Zentalis Pharmaceuticals, Inc. (Nasdaq: ZNTL), a clinical-stage biopharmaceutical company, announced that the first patient has been dosed in Part 2 of the Phase 2 DENALI clinical trial (NCT05128825) of azenosertib. This trial targets patients with Cyclin E1+ platinum-resistant ovarian cancer (PROC), a group with significant unmet medical needs.

The DENALI trial is designed in two stages. Part 2a will determine the primary dose-of-interest, enrolling approximately 30 patients at each of two dose levels: 400mg QD 5:2 and 300mg QD 5:2 (five days on, two days off). Following this, Part 2b will enroll around 70 additional patients at the selected dose, depending on FDA feedback. Zentalis expects topline results from DENALI Part 2 by the end of 2026. If positive, the trial could potentially support an accelerated approval, subject to regulatory review.

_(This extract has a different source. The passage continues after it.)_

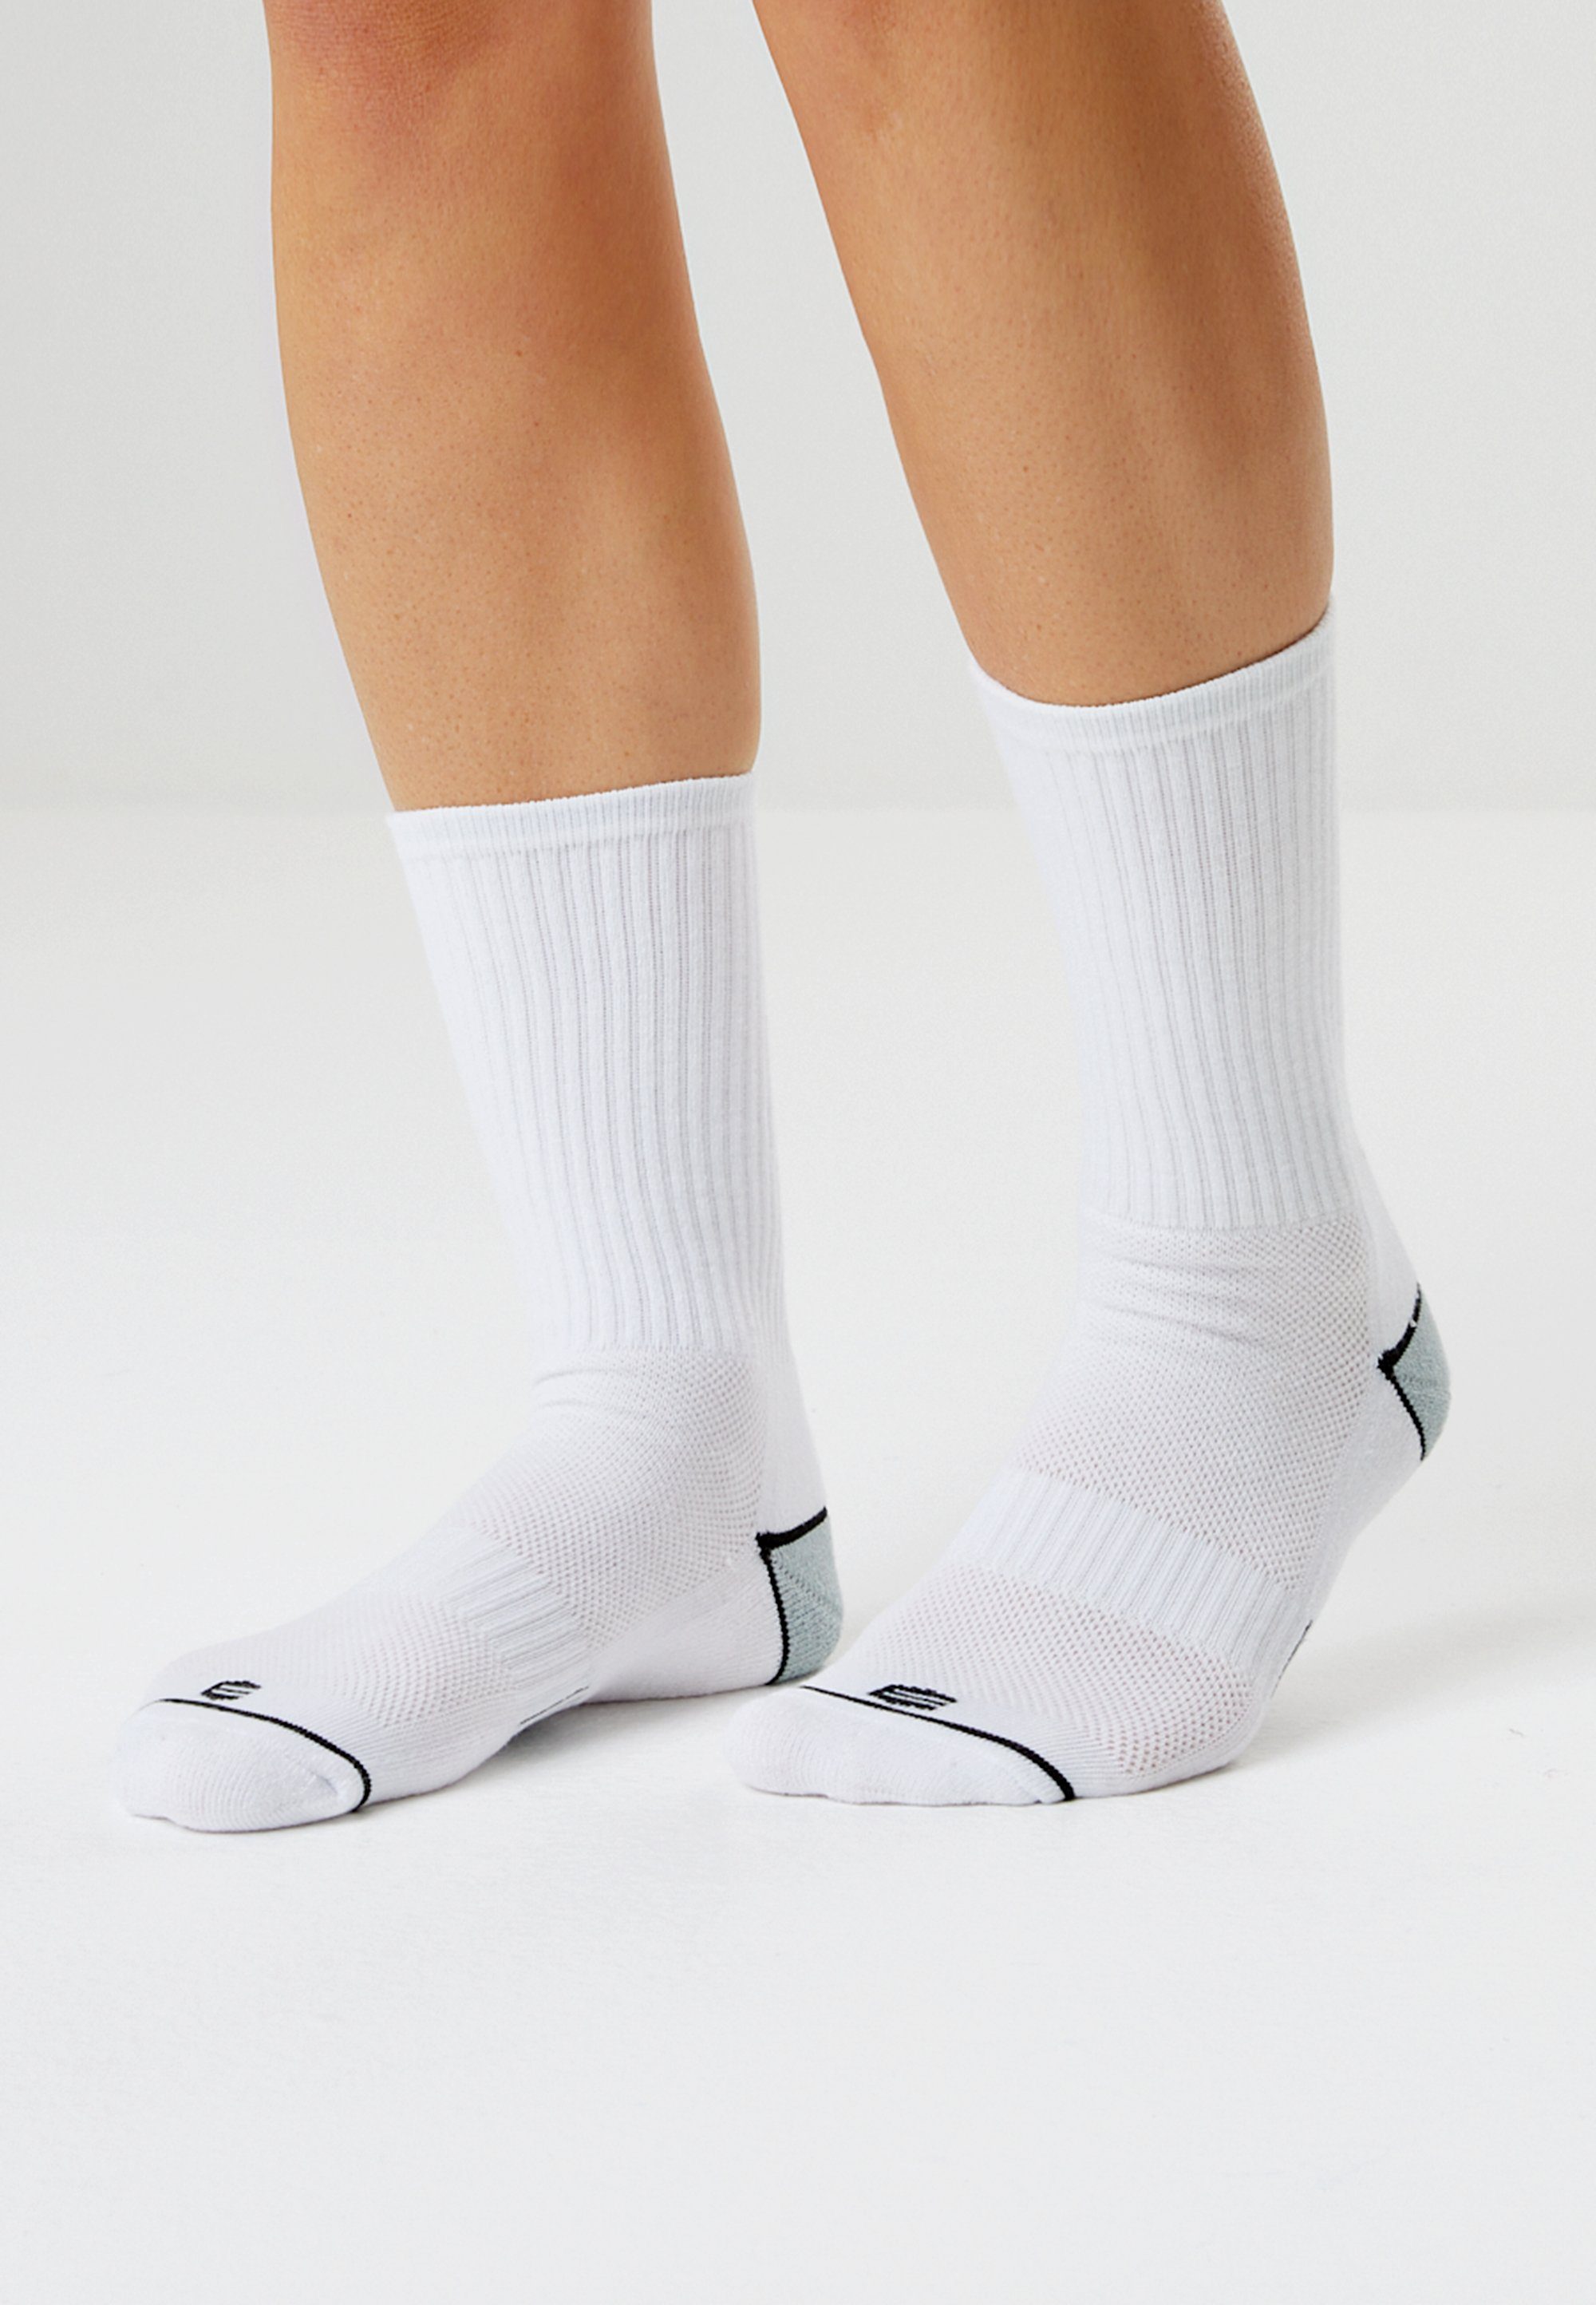 ENDURANCE in weiß (8-Paar) Hoope Socken atmungsaktiver Qualität

“Dosing the first patient in Part 2 of the DENALI study is an important milestone for Zentalis as we continue the clinical development of azenosertib,” said Ingmar Bruns, M.D., Chief Medical Officer of Zentalis. “We are proud that azenosertib is one step closer to our goal of addressing a tremendous unmet need. We are grateful to our patients and their families for participating in this trial, which has the potential to result in a treatment option for thousands of women diagnosed with Cyclin E1+ PROC.”

Previously disclosed data from Part 1b of DENALI showed promising results. As of the January 13, 2025 cutoff, among 43 response-evaluable patients, the objective response rate (ORR) was 34.9%, with a median duration of response (mDOR) of 6.3 months. Some patients were still responding at the cutoff date, meaning the mDOR may continue to evolve.

Importantly, the trial identified Cyclin E1 protein overexpression—irrespective of CCNE1 gene amplification—as a strong predictive biomarker for azenosertib efficacy. Zentalis estimates that approximately half of all PROC patients overexpress Cyclin E1, based on their proprietary immunohistochemistry testing method.